# [SOLVED] Windows Module



## VincentHer (Jul 9, 2008)

I have an installation of the first RC for Windows 7. Every day it has problems starting the Windows Module Installer and then crashes. It basically goes like this:

10/19/2010 8:40:06 AM - The Windows Modules Installer service entered the running state.

10/19/2010 8:50:10 AM - The start type of the Windows Modules Installer service was changed from demand start to auto start.

10/19/2010 8:50:11 AM - The start type of the Windows Modules Installer service was changed from auto start to demand start.

10/19/2010 8:50:11 AM - The Windows Modules Installer service has entered the stopped state.

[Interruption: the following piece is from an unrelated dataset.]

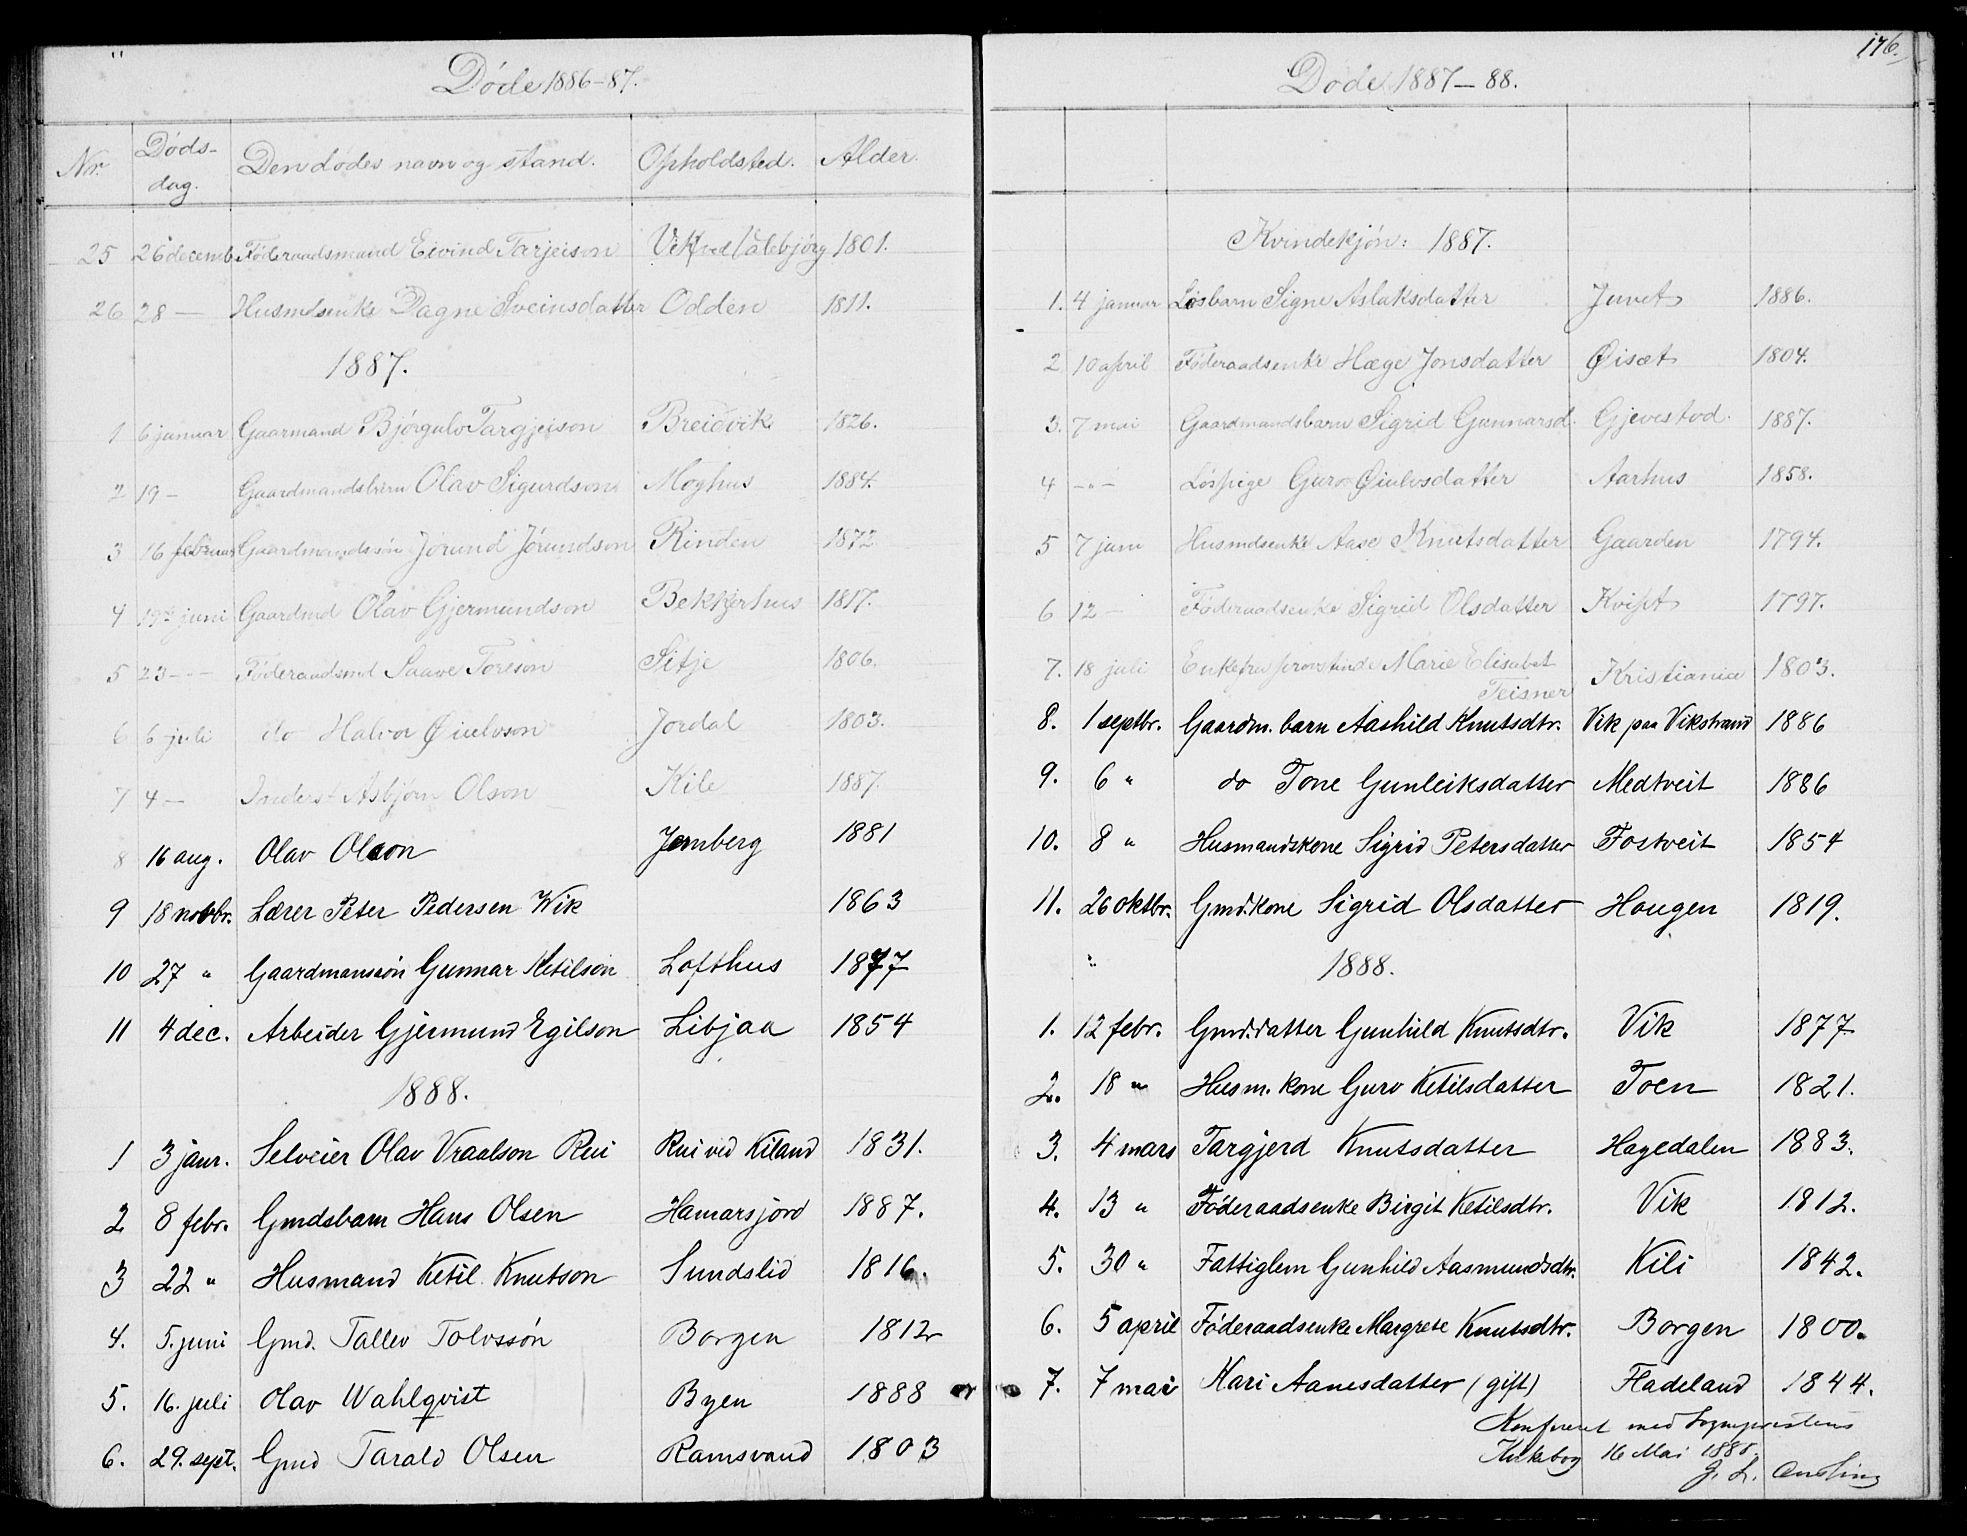 SAKO, Fyresdal kirkebøker, G/Ga/L0004: Klokkerbok nr. I 4, 1864-1892, s. 176

Then some minutes later, the computer will freeze. It's like it goes into sleep mode and doesn't wake up, but there is no S3 setup on this machine, it runs 24/7 at full speed


----------



## jcgriff2 (Sep 30, 2007)

*Re: Windows Module*

Windows 7 RC expired on June 1, 2010.

http://support.microsoft.com/kb/971767

You need to purchase Windows 7 RTM.

Regards. . .

jcgriff2

`


----------



## VincentHer (Jul 9, 2008)

*Re: Windows Module*

Thanks for the replay. This is a new Windows 7 Pro I just bought. The install is not older than 2 weeks. I found the problem. It was a program that was loaded for my fleet management. When I removed it my computer was running 100% again.


----------